Albert Cummings – Live at the ’62 Center
Albert Cummings – Live at the ’62 Center
URL: https://albertcummings.com/
Albert Cummings’ latest album, Live at the ’62 Center, finds this ultra talented songwriter, vocalist, and blues guitar great playing a full set for a hometown crowd in his native Williamstown, Massachusetts. The twelve song recording is full of the fire and heart defining the best blues music while also distinguished by a superior songwriting sensibility that knows how to interject its voice amidst familiar musical elements. Live at the ’62 Center features all of the aural strengths that makes for a memorable live album – an understated but helpful balance between the performance and audience, a warm production effort never sacrificing authenticity to achieve its ends, and a physical mix capturing the musicians accurately without any needless adornments or embellishments. Live at the ’62 Center is a more than worthy representation of one man’s talents and the state of a genre extending much further than the relatively limited purview of modern mainstream blues giants like Joe Bonamassa, among others.

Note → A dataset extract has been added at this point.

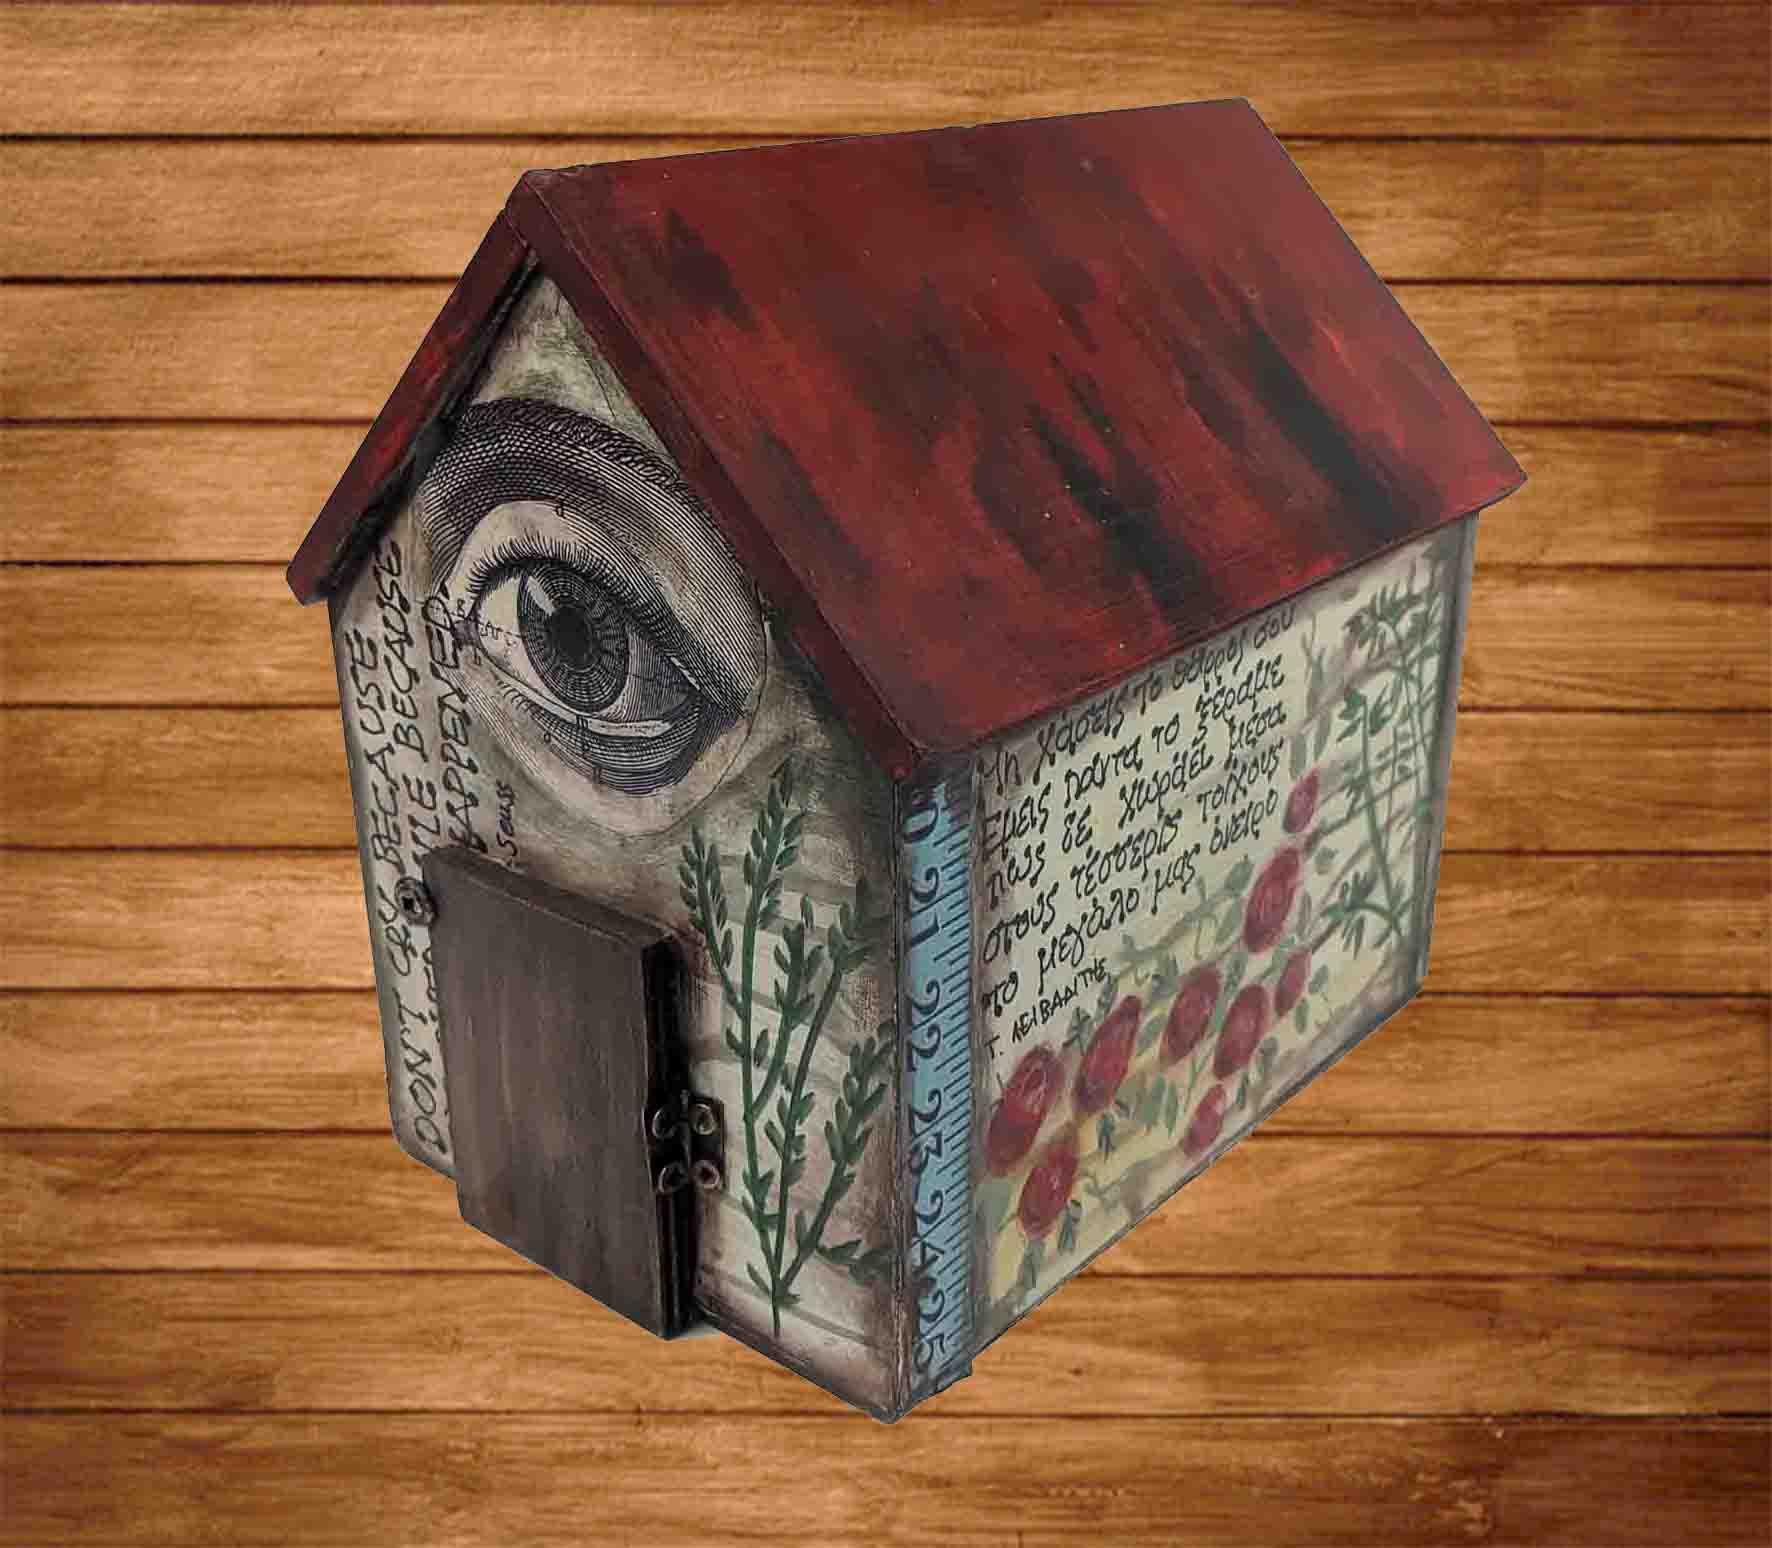 Ξύλινο σπίτι/κουμπαράς – Wooden piggy bank house
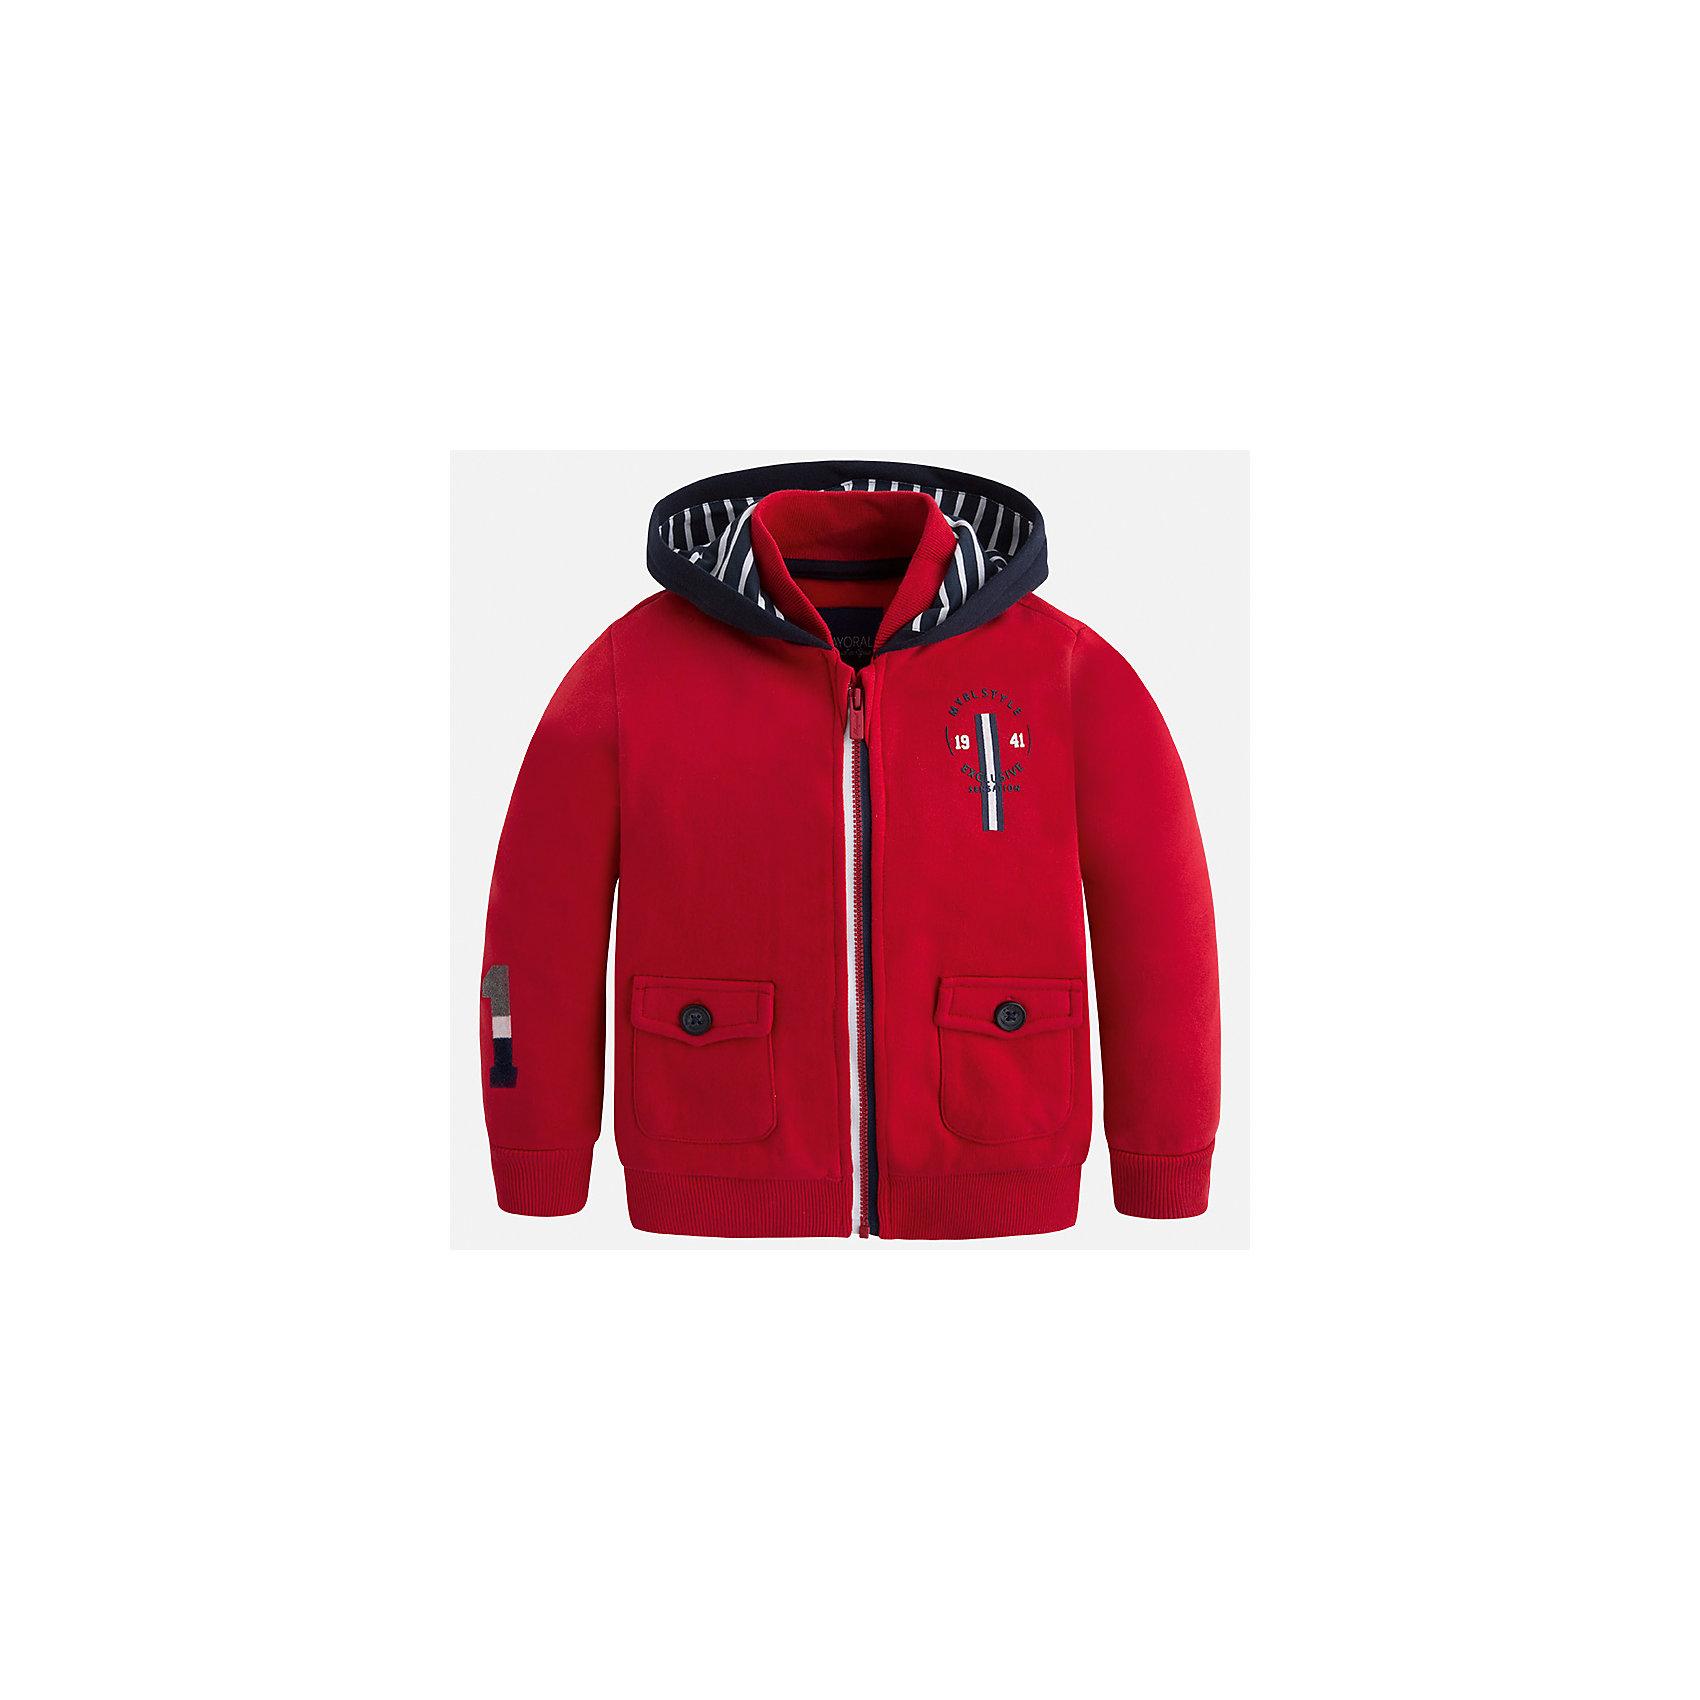 Куртка для мальчика MayoralДемисезонные куртки<br>Характеристики товара:<br><br>• цвет: красный<br>• состав ткани: 100% хлопок<br>• сезон: демисезон<br>• особенности толстовки: с манжетами, на молнии<br>• капюшон: без меха, несъемный<br>• застежка: молния<br>• страна бренда: Испания<br>• страна изготовитель: Индия<br><br>Такая детская толстовка от Mayoral дополнена удобными карманами и капюшоном. Толстовка для мальчика сшита из приятного на ощупь хлопкового материала. Детская одежда от испанской компании Mayoral, как и эта яркая толстовка для мальчика, отличается оригинальным и всегда стильным дизайном. Качество продукции неизменно очень высокое. <br><br>Толстовку для мальчика Mayoral (Майорал) можно купить в нашем интернет-магазине.<br><br>Ширина мм: 356<br>Глубина мм: 10<br>Высота мм: 245<br>Вес г: 519<br>Цвет: бежевый<br>Возраст от месяцев: 96<br>Возраст до месяцев: 108<br>Пол: Мужской<br>Возраст: Детский<br>Размер: 134,92,98,104,110,116,122,128<br>SKU: 6932825

“500 Miles” gets things off to a rollicking start with a moderately paced blues rock number. The effortless swing in Cummings’ music shines through here and elsewhere on Live at the ’62 Center, but the true attraction these tunes exert on the imagination is thanks to Cummings’ fretwork. “Finally In Love” and “I’ve Got Feelings Too” are powerful guitar driven workouts, but they are also infused with some of the smirking humor heard in the best blues tracks. Cummings never overplays his hand with that humor and it brings more to the song’s pathos that he can laugh to keep from crying. “No Doubt” is one of the album’s better expressions of the funky side of Cummings’ guitar playing. It’s an entertaining tale of infidelity that Cummings delivers with tremendous drama. Each of the performances on Live at the ’62 Center features a relatively extended running time that allows Cummings a chance to stretch out instrumentally but his efforts in that vein are never overwrought.
“Lonely Bed” is another number mining some familiar imagery and subject matter in blues music, but he dresses it up in an identifiable way that eludes outright imitation. Taking a turn with a B.B. King style blues over a broken heart proves to be a good fit for Cummings and his emotive playing really gets the tune over. “It Hurts Me Too” faithfully revisits the classic Elmore James original, but it soon deviates from the original for a much more mid-tempo rendition of that tune than what longtime fans of the form are used to. “Up Your Sleeve” is a clever, hot blooded blues ramble with some appropriately strong playing from Cummings and an exemplary rhythm section performance. “Movin’ On” is another example of this feel bearing down on the album and the wide swing the drumming and bass playing gives to the cut helps make it an excellent prelude to the album’s climax. Live at the ’62 Center ends with “Glass House/Midnight Rider” and this improbable marriage of Albert Cummings’ original and a cover of the Allman Brothers “Midnight Rider” doesn’t succeed just because it’s cut from the same blues cloth. Instead, it shares a similar spirit, albeit expressed differently lyrically and in terms of note selection, and ends the release with its longest number and an exhausting closer. Cummings’ live album will win over even casual blues fans and crackles with inspiration and energy.